--- THE DATA ---

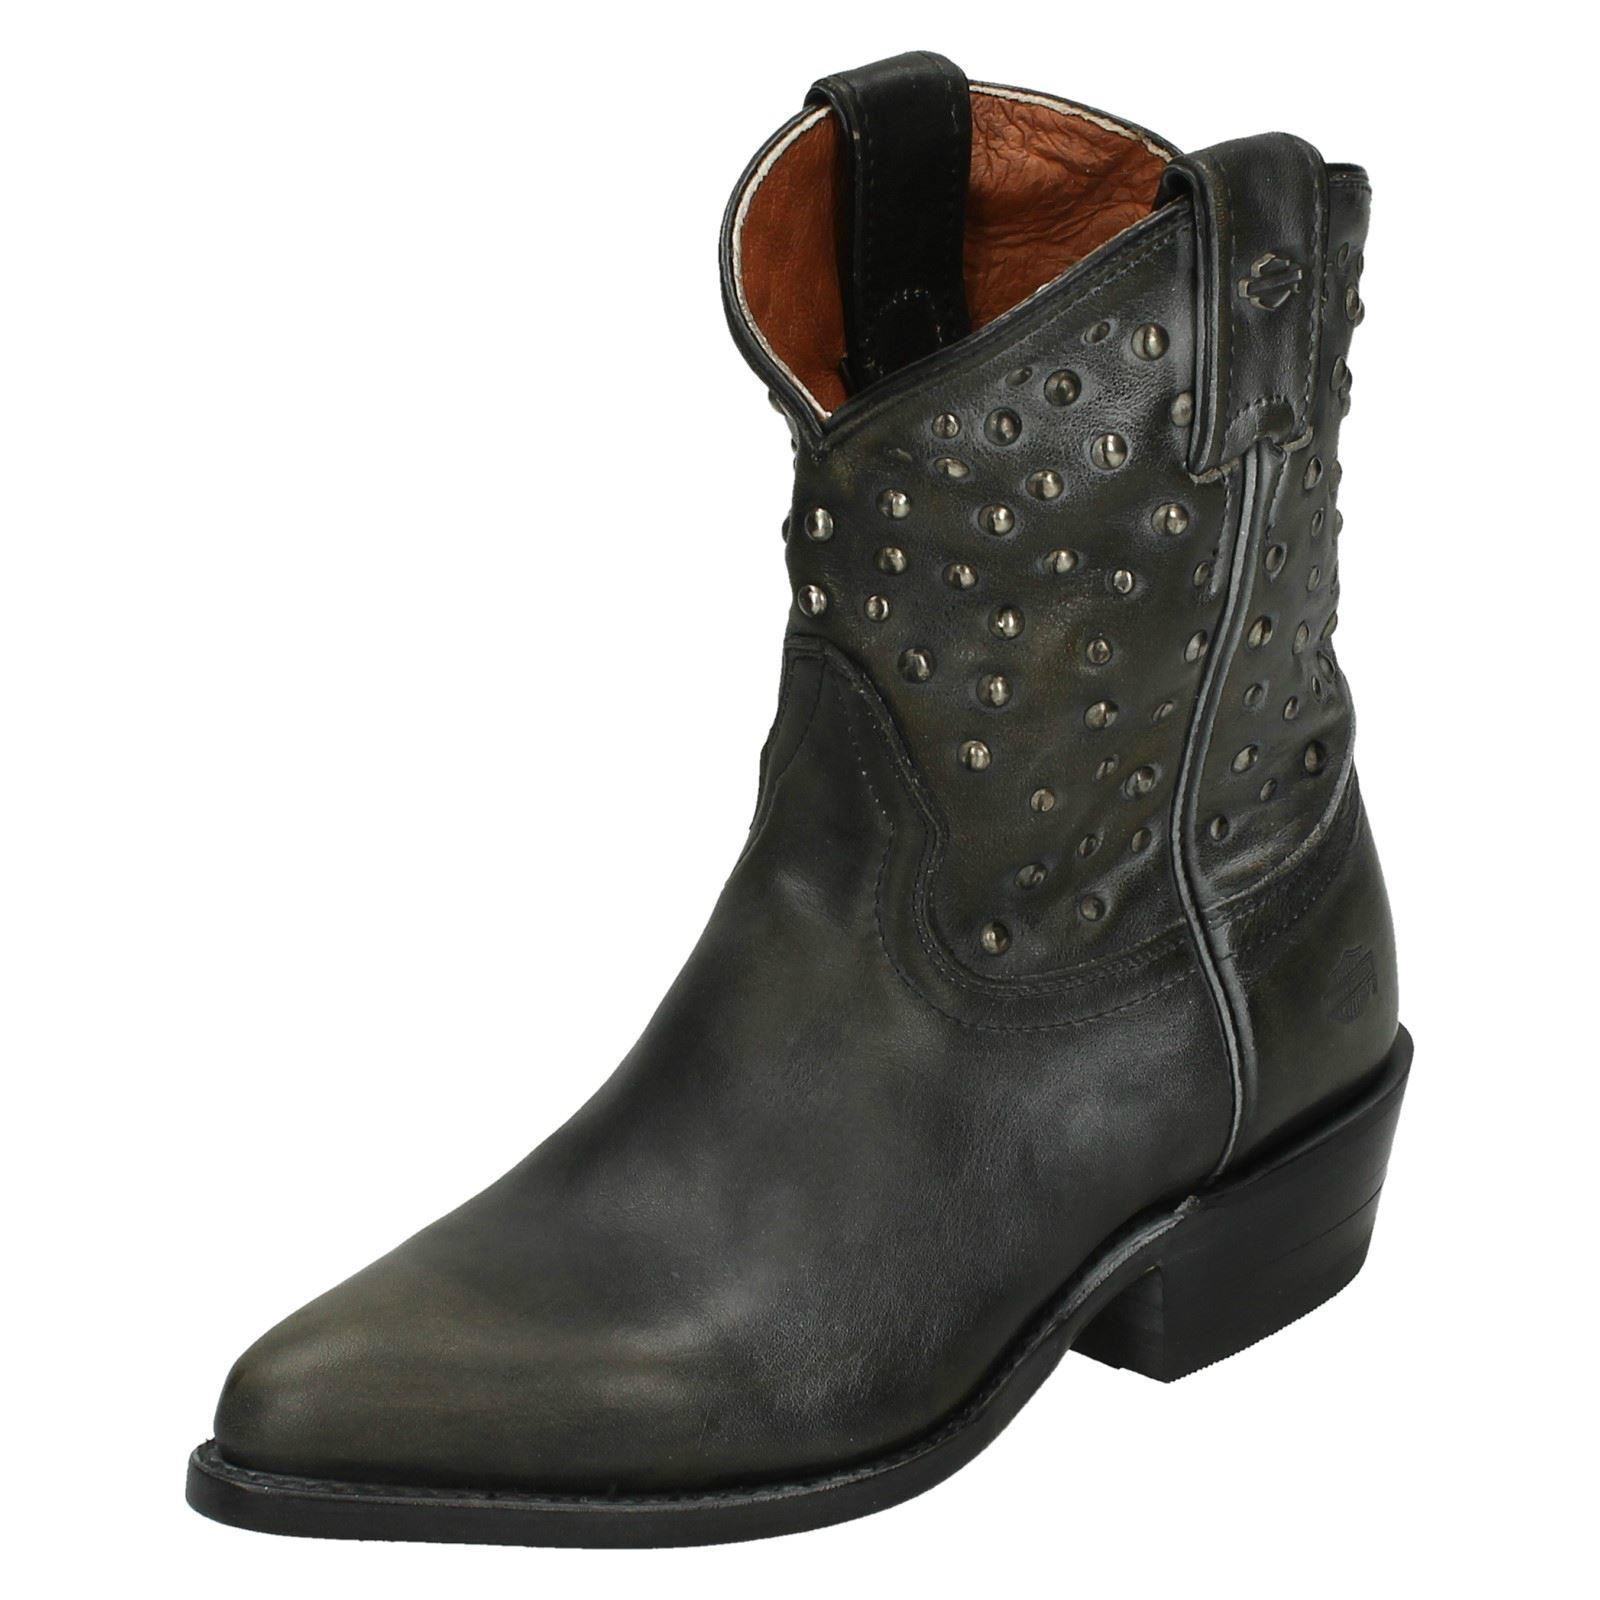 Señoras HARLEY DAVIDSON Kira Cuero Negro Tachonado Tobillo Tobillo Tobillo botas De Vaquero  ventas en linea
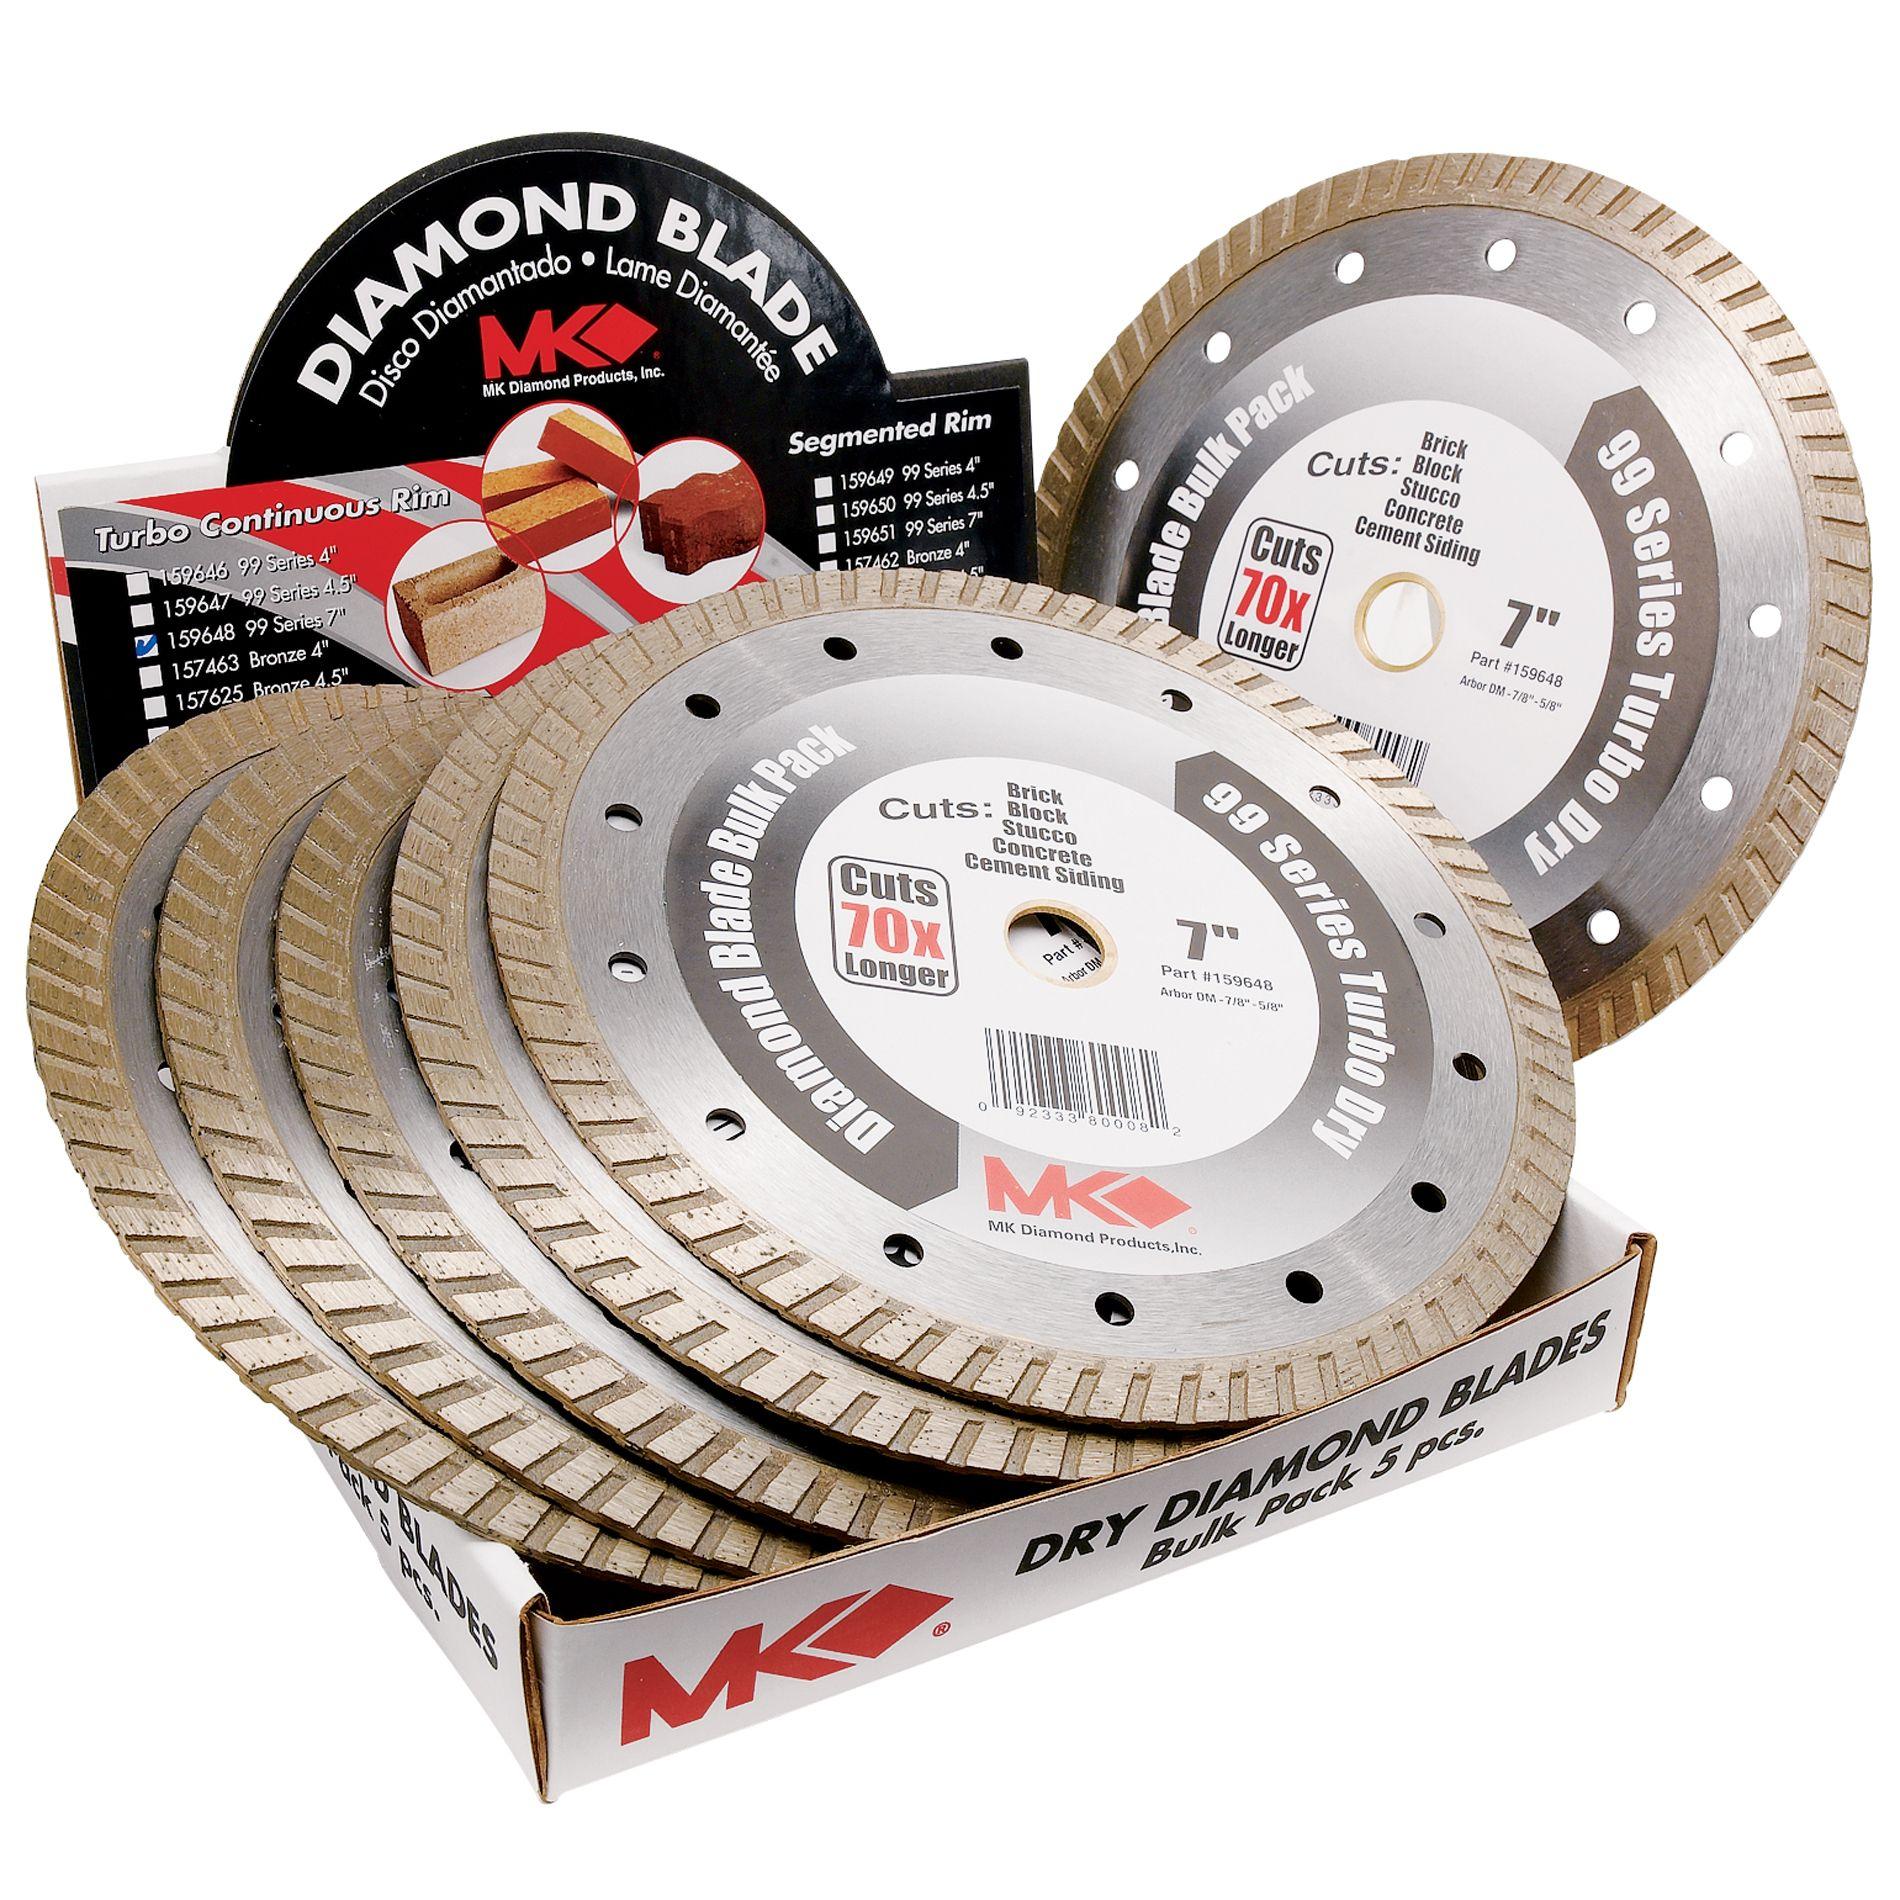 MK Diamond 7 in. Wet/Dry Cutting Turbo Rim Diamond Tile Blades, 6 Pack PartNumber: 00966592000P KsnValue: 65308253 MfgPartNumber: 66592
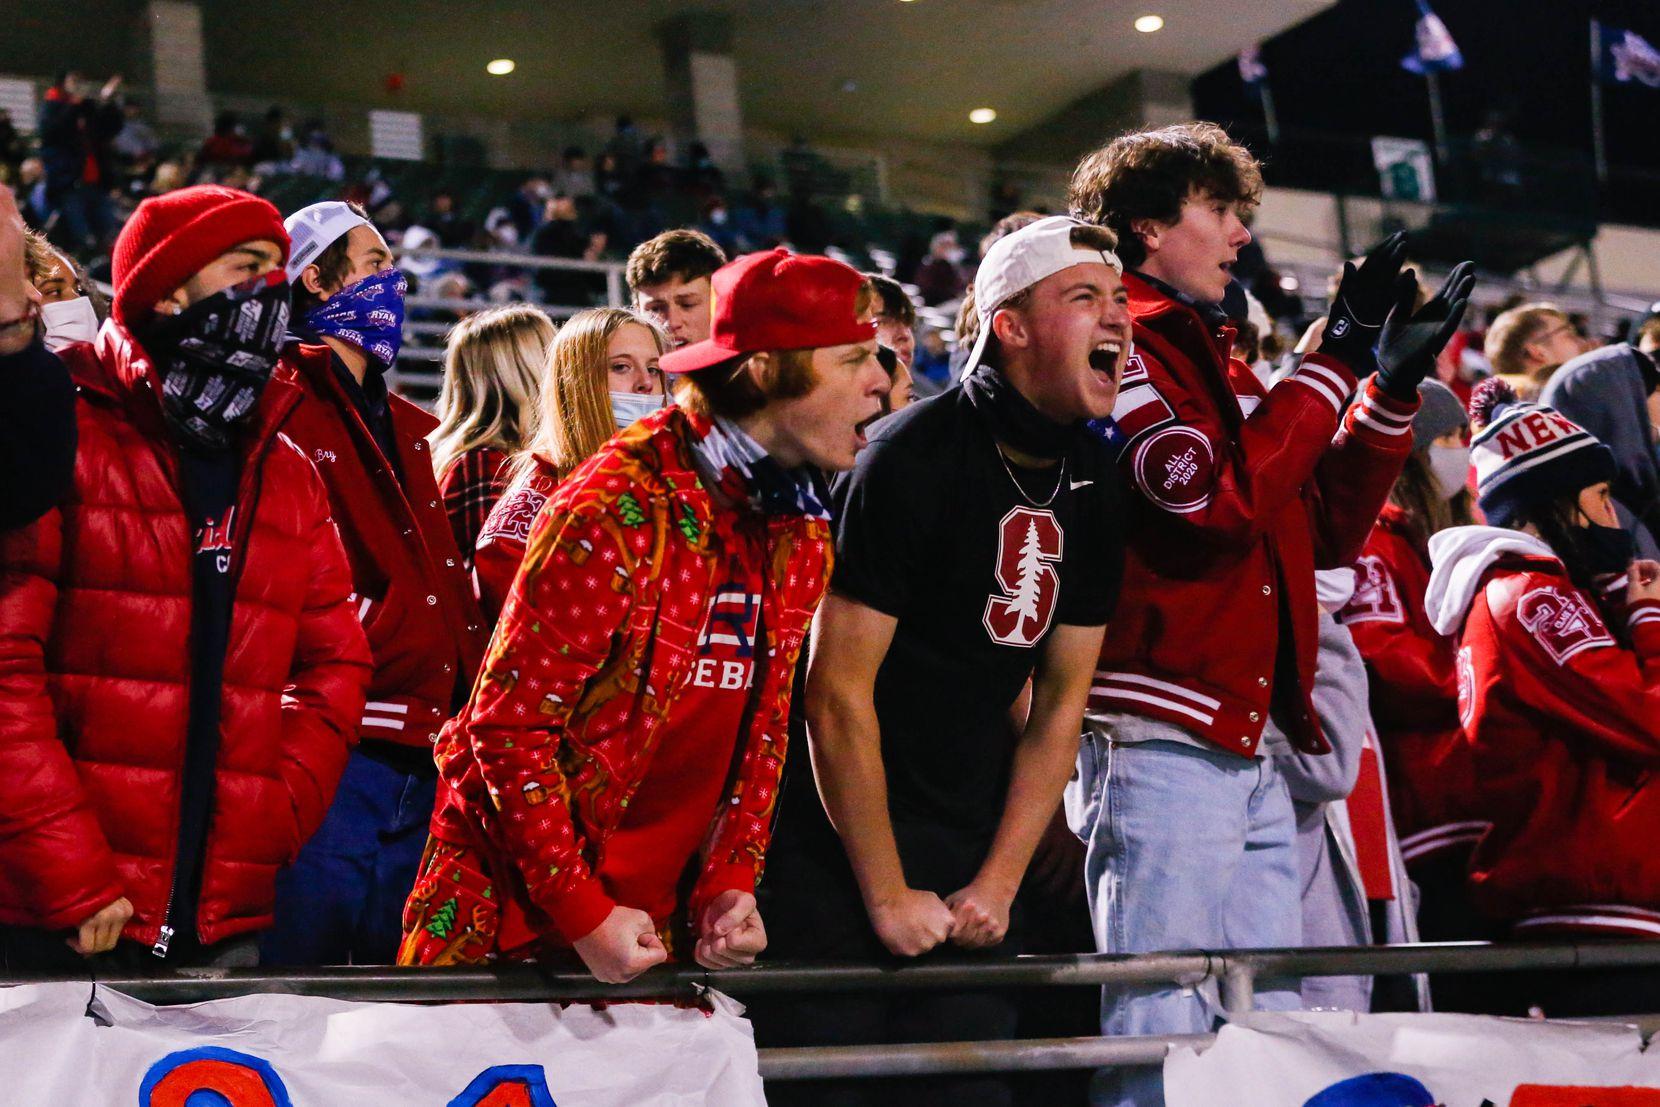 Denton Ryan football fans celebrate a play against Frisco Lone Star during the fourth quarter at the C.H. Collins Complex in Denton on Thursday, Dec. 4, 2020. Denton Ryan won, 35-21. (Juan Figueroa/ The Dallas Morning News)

---

**TASK STATEMENT**
Print the material verbatim; drop the pictures.

**TASK SOLUTION**
 Señoras HARLEY DAVIDSON Kira Cuero Negro Tachonado Tobillo Tobillo Tobillo botas De Vaquero  ventas en linea
 MK Diamond 7 in. Wet/Dry Cutting Turbo Rim Diamond Tile Blades, 6 Pack PartNumber: 00966592000P KsnValue: 65308253 MfgPartNumber: 66592
 Denton Ryan football fans celebrate a play against Frisco Lone Star during the fourth quarter at the C.H. Collins Complex in Denton on Thursday, Dec. 4, 2020. Denton Ryan won, 35-21. (Juan Figueroa/ The Dallas Morning News)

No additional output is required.